I haven't seen any loop in Marlin doing FP calculations repeatedly though, seems like it's mostly one operation here one there, so the time difference may not be large enough.

victorpv on 3 Nov 2017

What if higher order polynomials are used for velocity ramp generation, I mean jerk limiting velocity ramp or an S-shape velocity ramp then in this case an FPU might just be actually necessary.

alfredanil on 6 Feb 2018

One could also use a relatively small cosine table to generate an S shaped curve, if that was needed, and save on realtime computation, hence electrons and heat.

thinkyhead on 14 Feb 2018

@thinkyhead
Well, in that is the case even a simple six point velocity ramp can do much better than a small cosine table.
sixpoint_ramping

alfredanil on 22 Feb 2018

Nice drawing - except A1/D1 is larger than AMAX/DMAX.

AnHardt on 22 Feb 2018

😄1

@AnHardt
That's not my art but it's the ramp generated by Trinamic ramp generator chip called TMC5130 and TMC5072.

alfredanil on 22 Feb 2018

Nice drawing - except A1/D1 is larger than AMAX/DMAX.
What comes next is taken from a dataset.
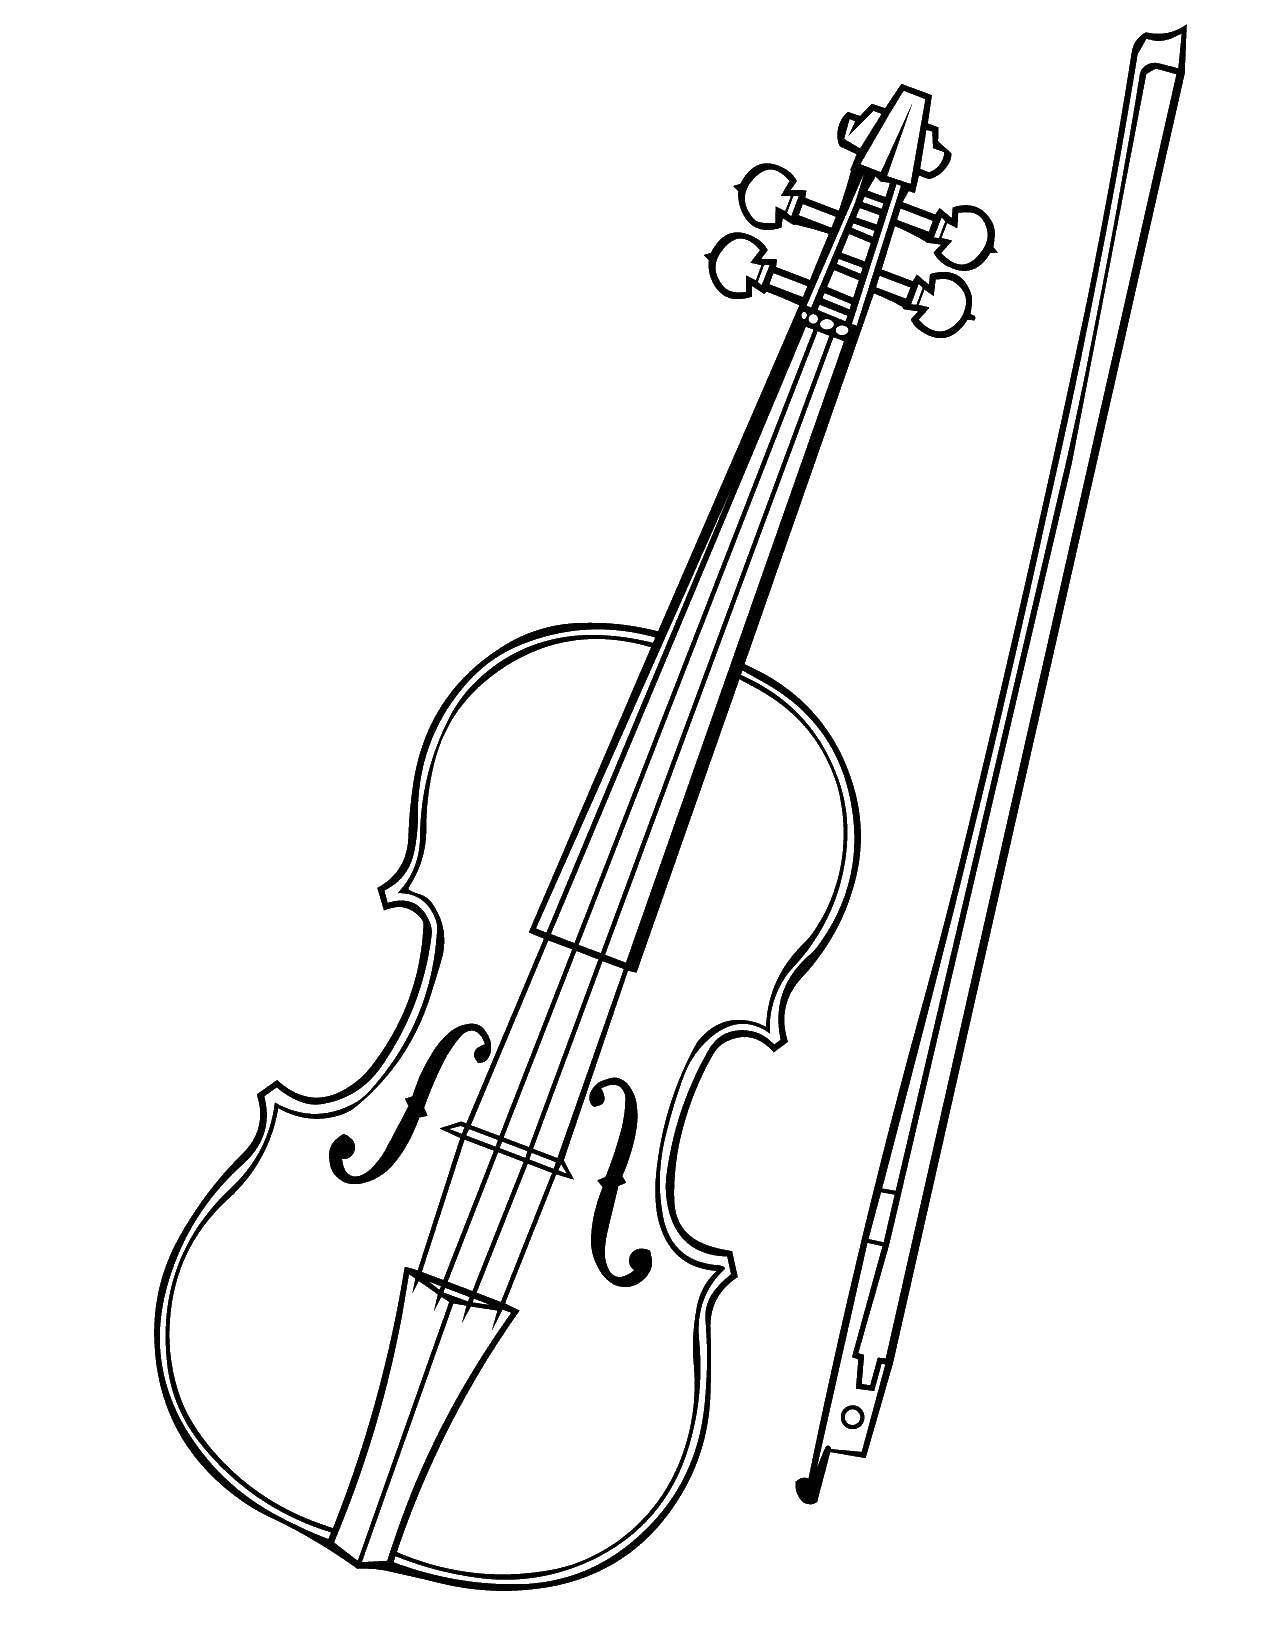 Название: Раскраска Скрипка. Категория: Музыка. Теги: музыка, инструменты, скрипка.
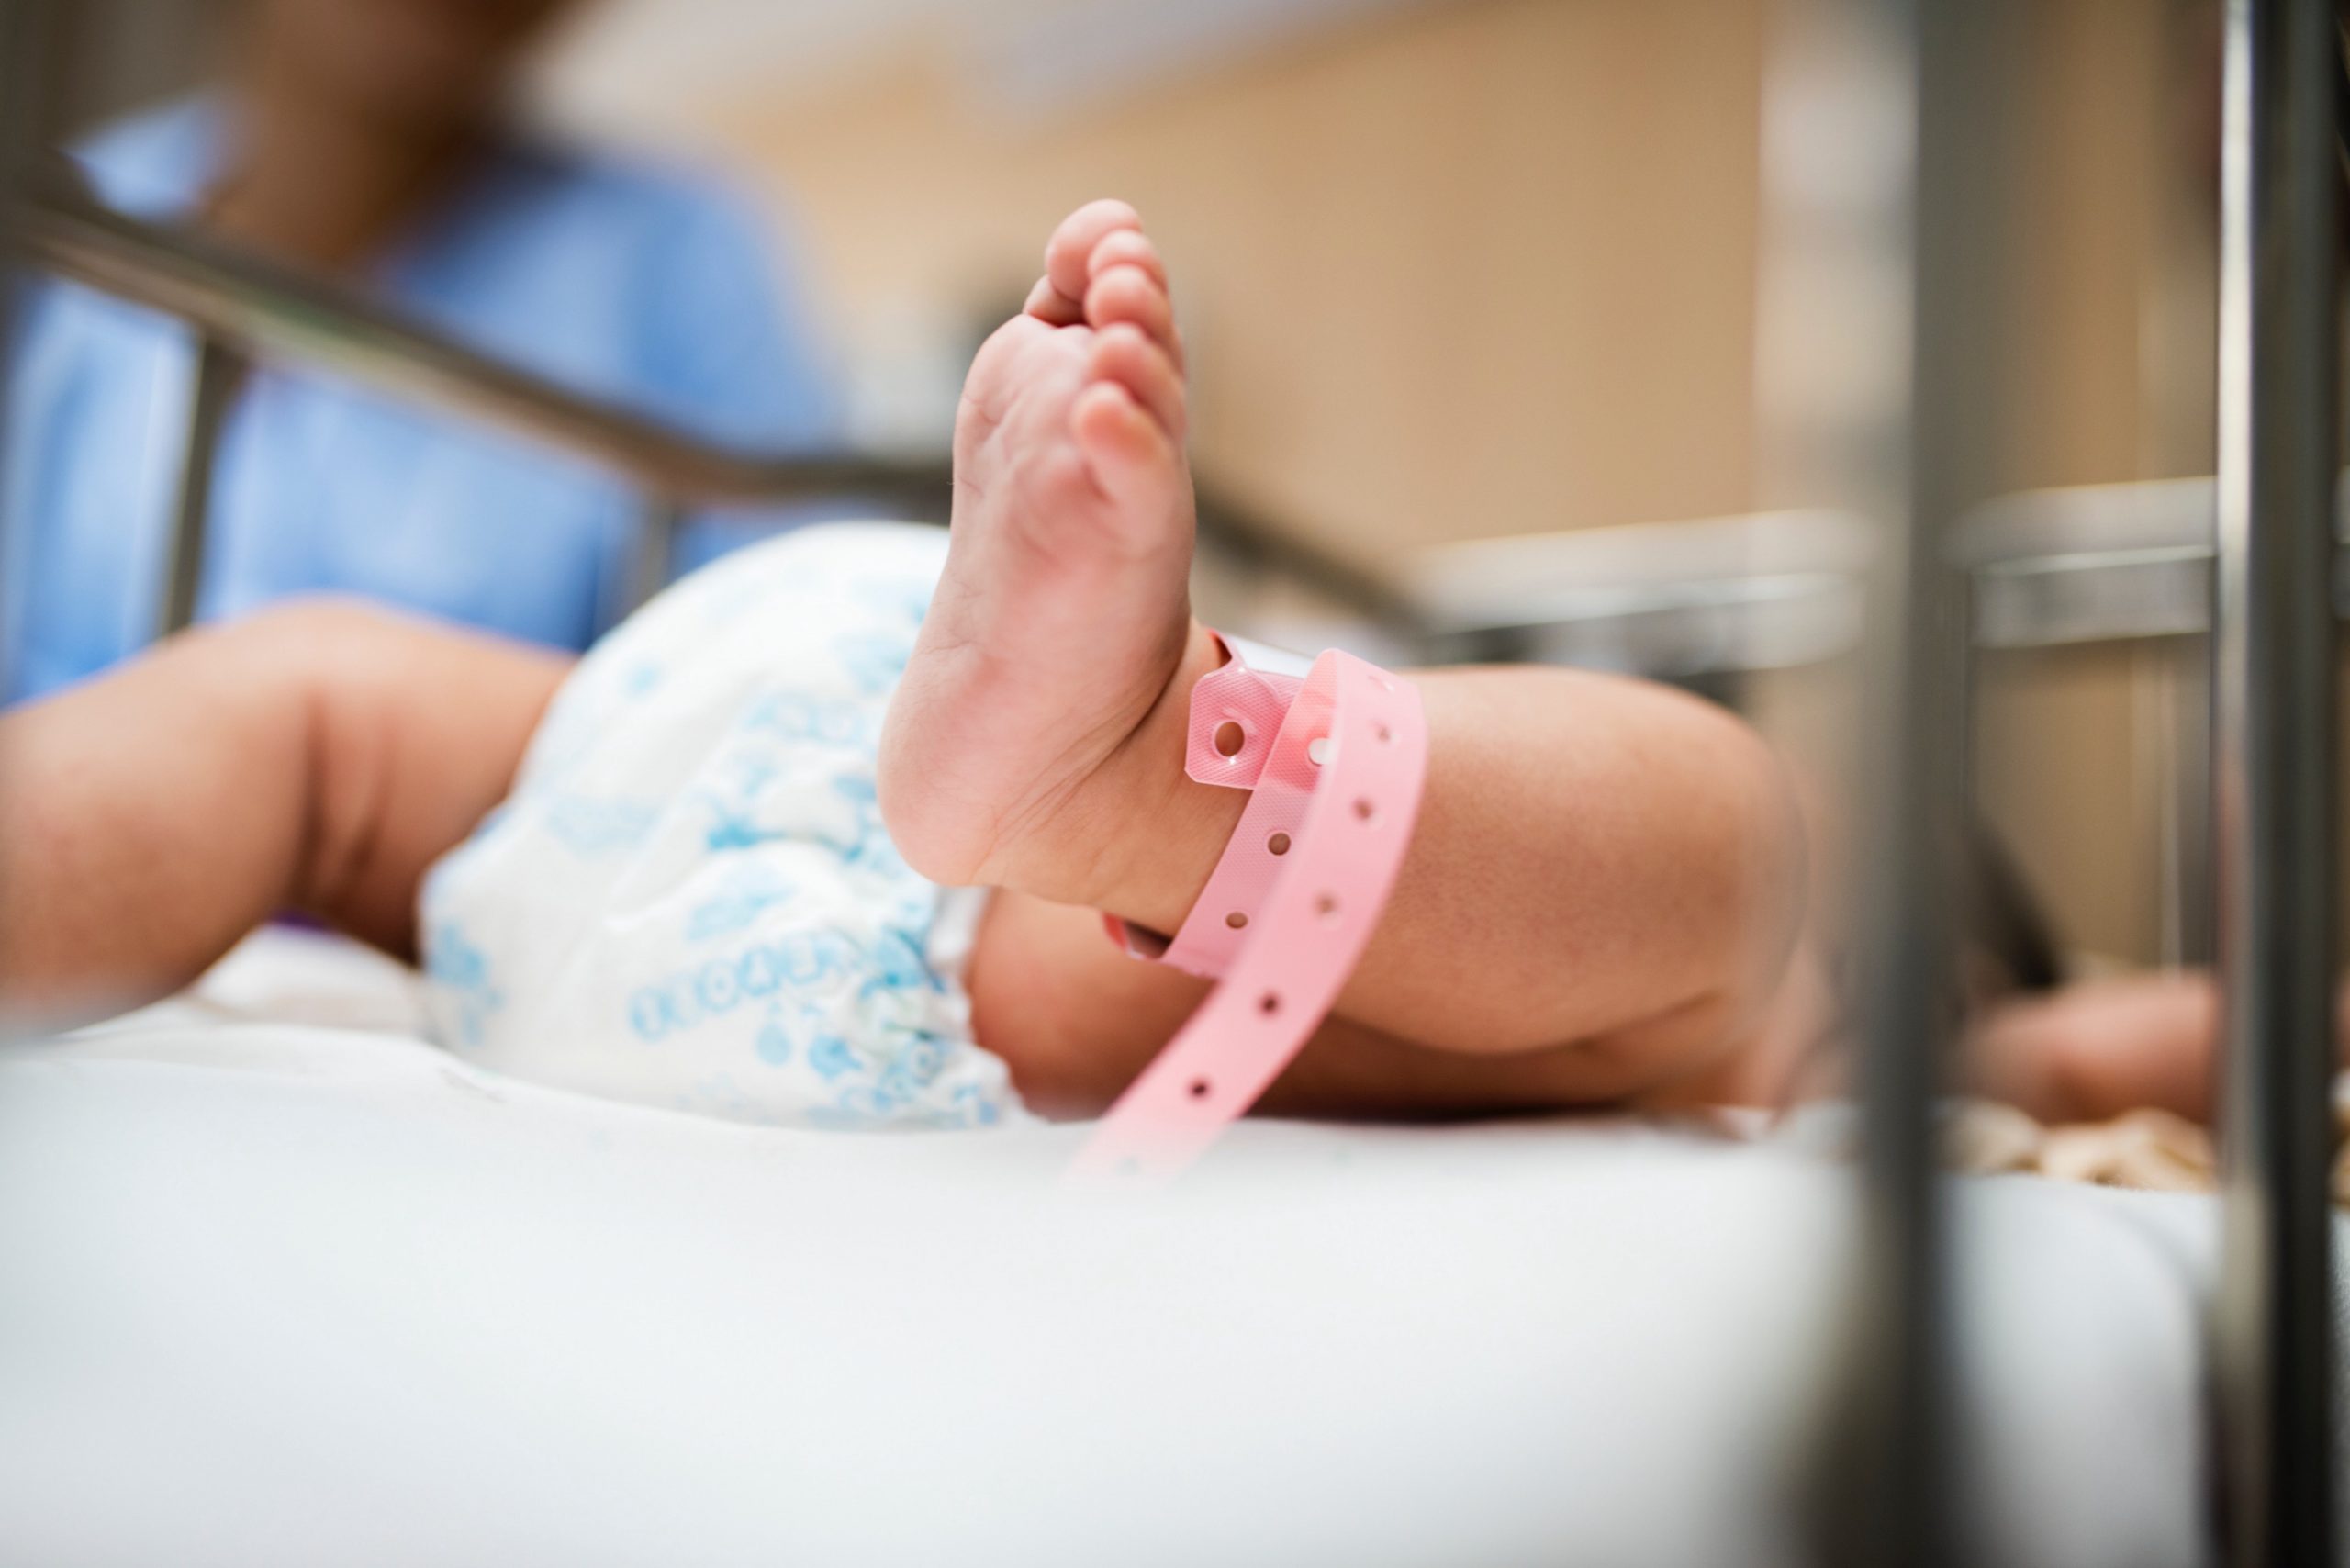 "Itu Bukan Anak Saya" - Cemas Tag Kaki Nama Ibu Lain, Bayi Tertukar Akibat Cuai 4

Yes. But isn't it possible that the Jerk is higher than the max allowed acceleration? Can A1 and D1 be the Jerk ???

Roxy-3D on 22 Feb 2018

What we call Jerk is the sudden jump in speed from 0 to VSTART/VSTOP with (in theory) infinite acceleration. A1/D1 is our max acceleration. AMAX/DMAX is a somewhat lower acceleration taking into account the lower torque the steppers have at higher speed. VMAX is higher than you could reach without the additional flatter ramp.
It's really just the naming what confused me for a while.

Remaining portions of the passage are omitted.